BEGIN

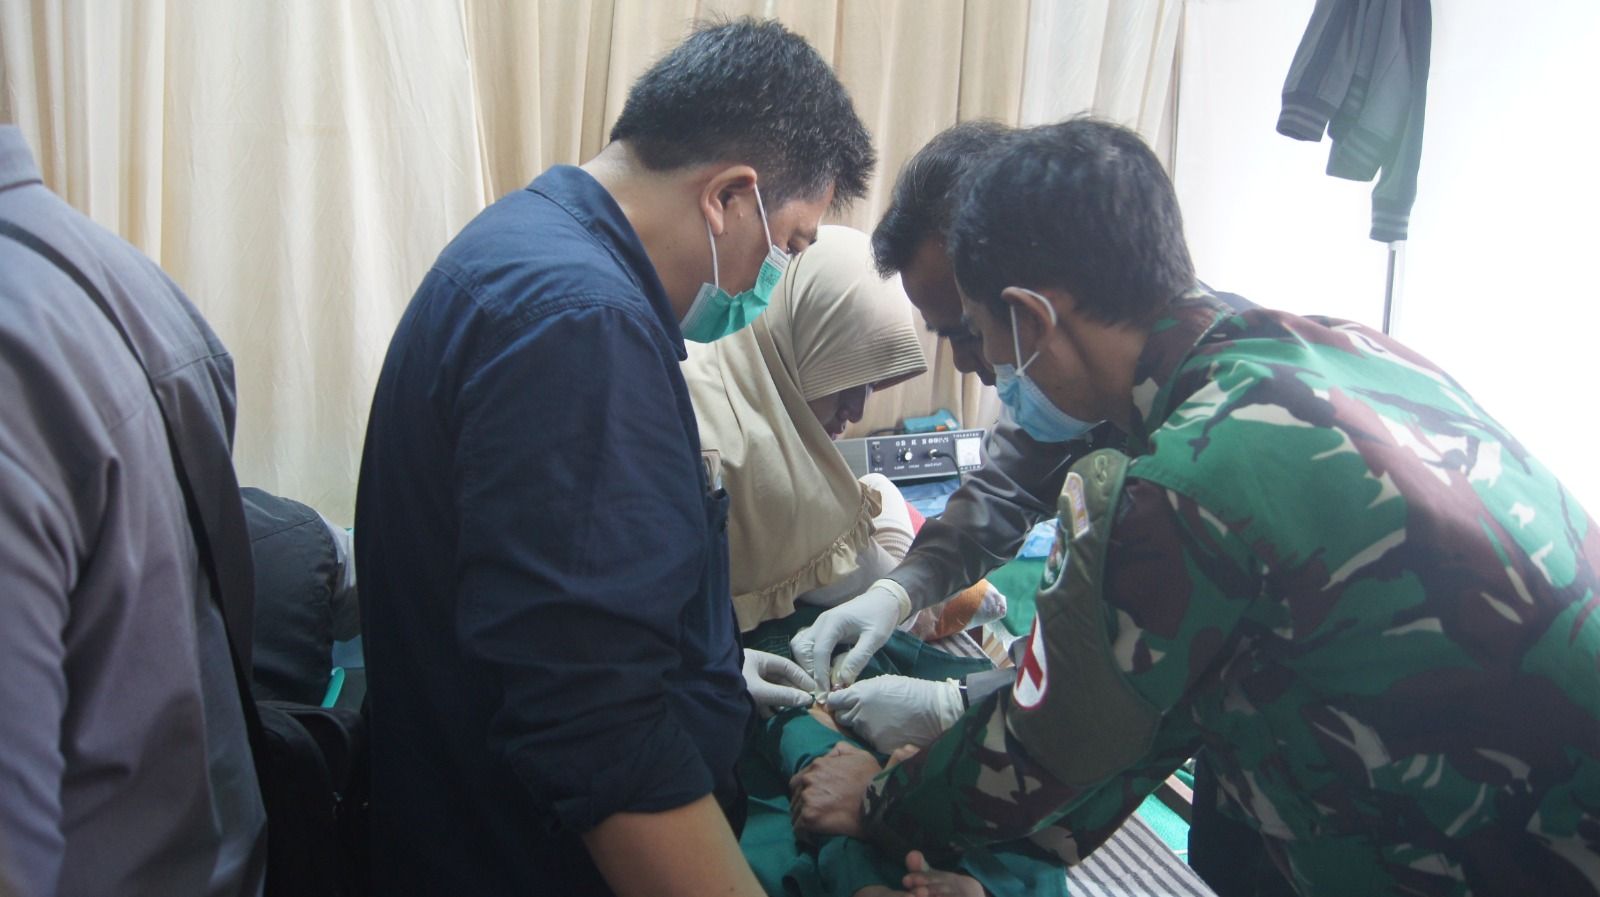 Tenaga Medis yang di bantu TNI dan Polri melaksanakan khitanan massal kepada puluhan anak
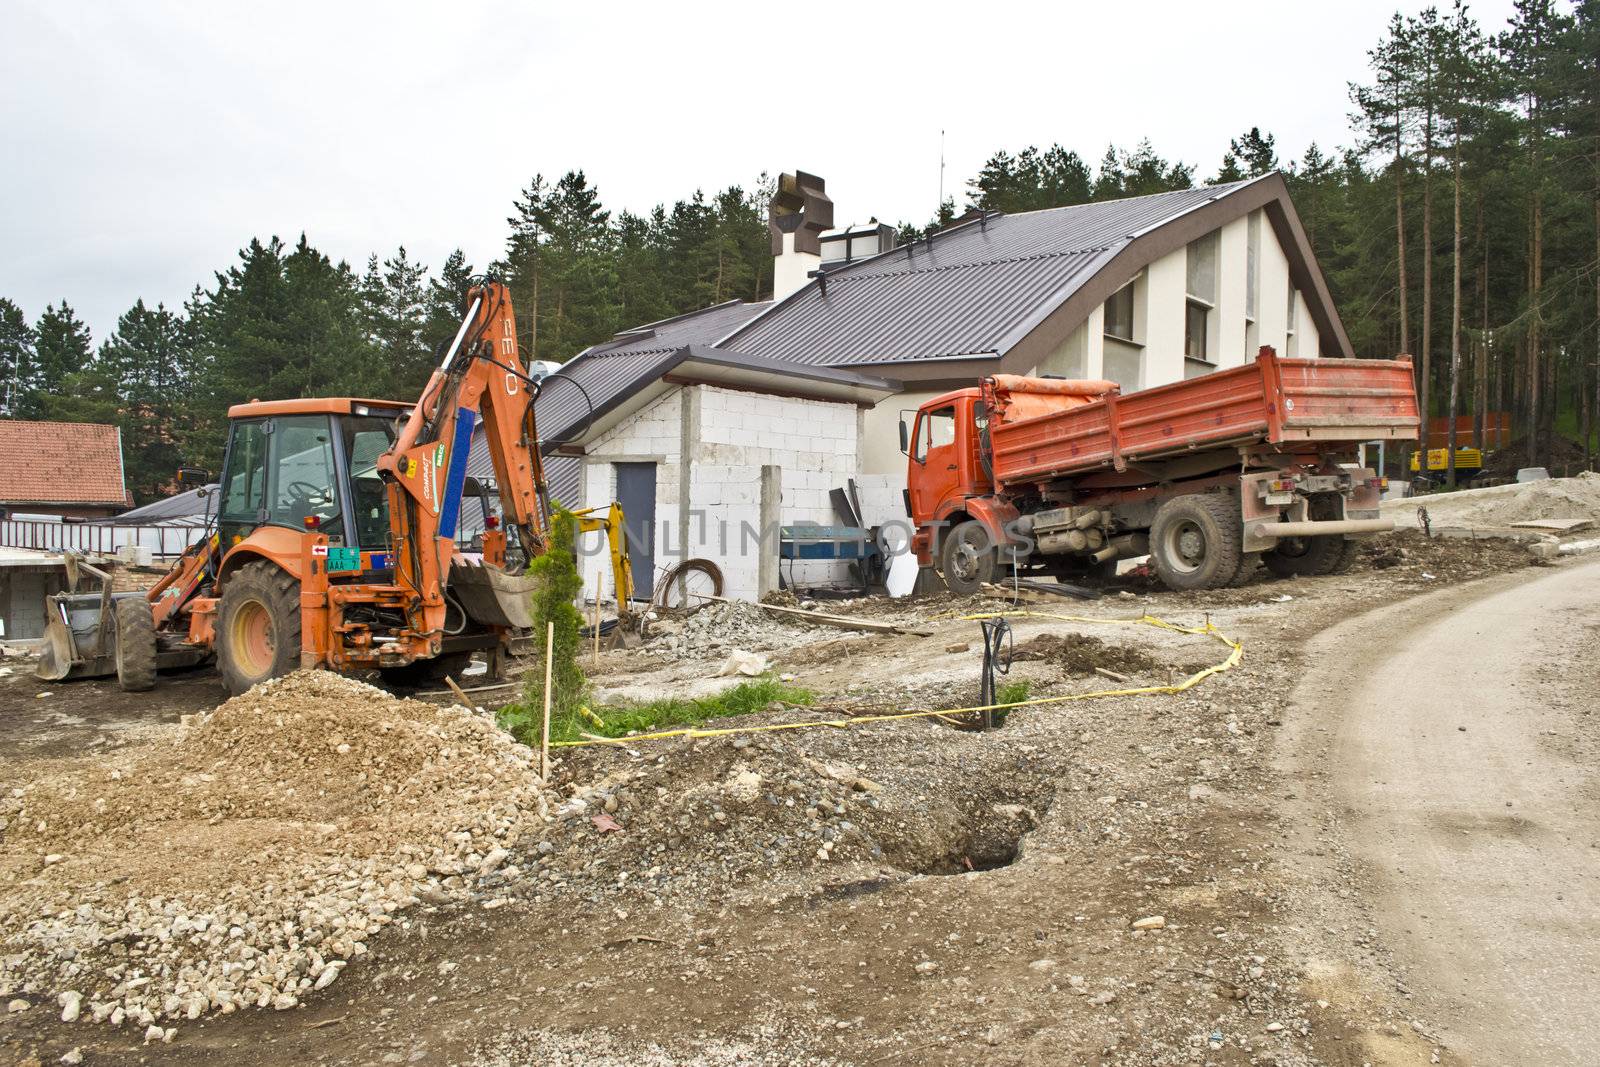 Excavator on site working,road repair,building house
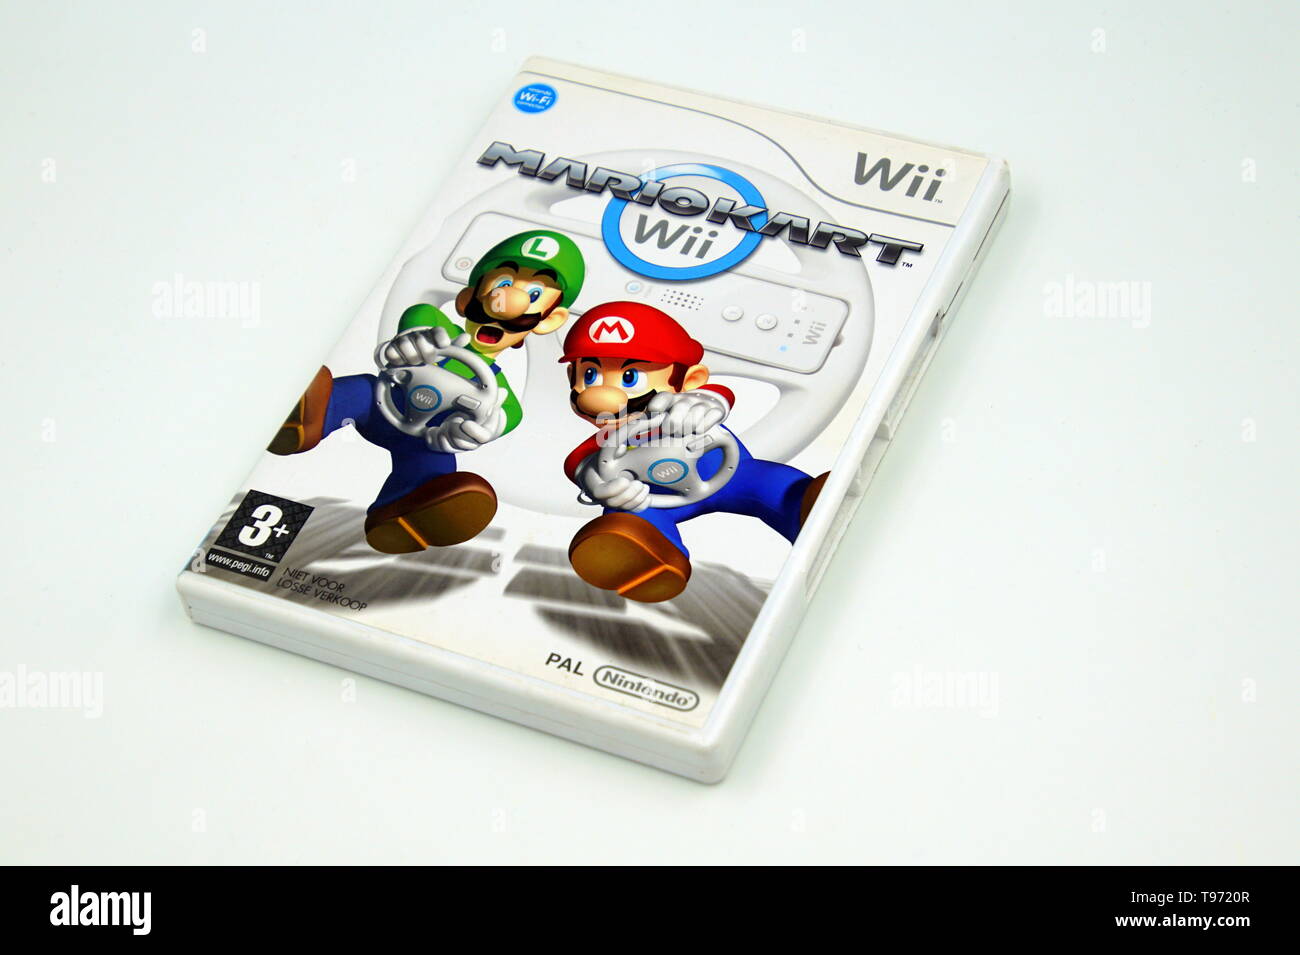 Nintendo Wii game Mario Kart against a white background. Stock Photo
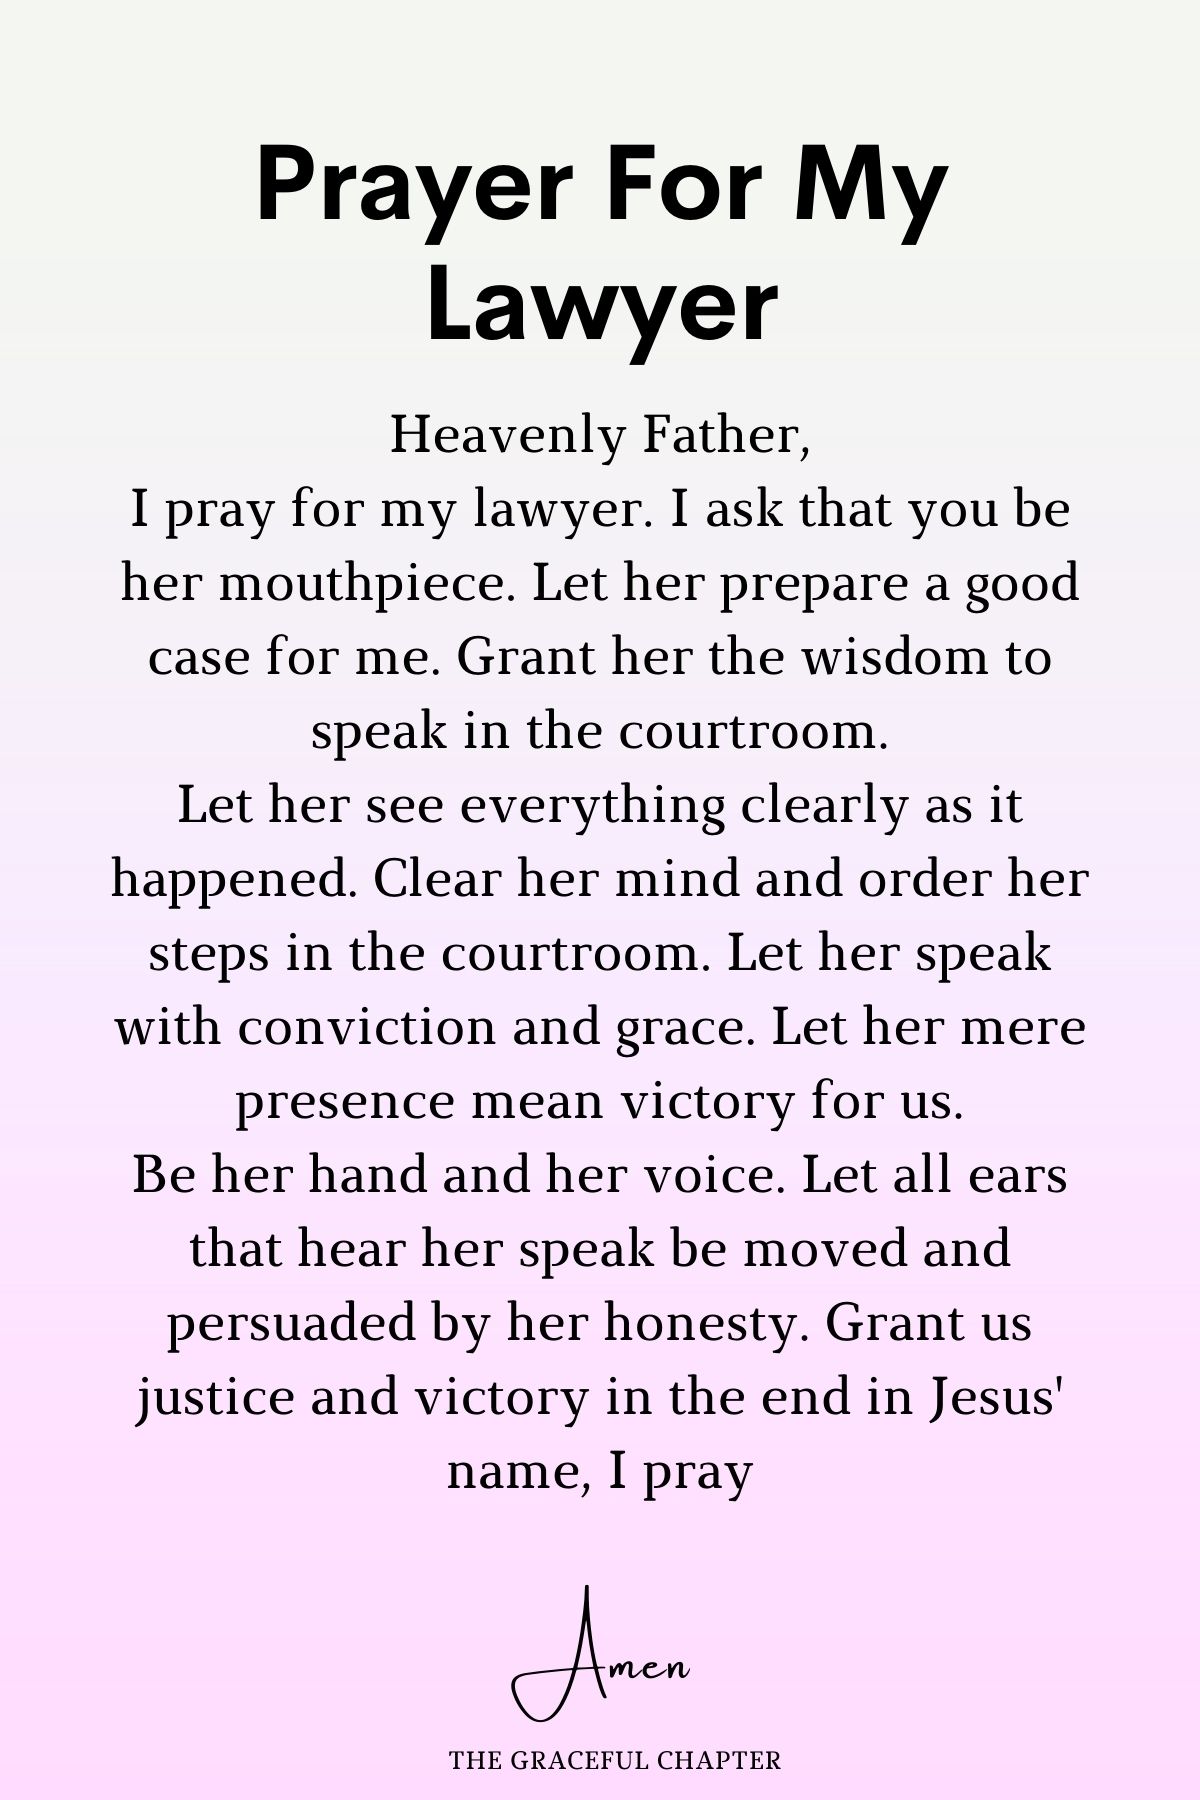 Prayer for my lawyer

END

Work task
Would you set down every line of the data above exactly, skipping the pictures?

Answer to this exercise
 Tenaga Medis yang di bantu TNI dan Polri melaksanakan khitanan massal kepada puluhan anak
 Excavator on site working,road repair,building house
 Nintendo Wii game Mario Kart against a white background. Stock Photo
 Prayer for my lawyer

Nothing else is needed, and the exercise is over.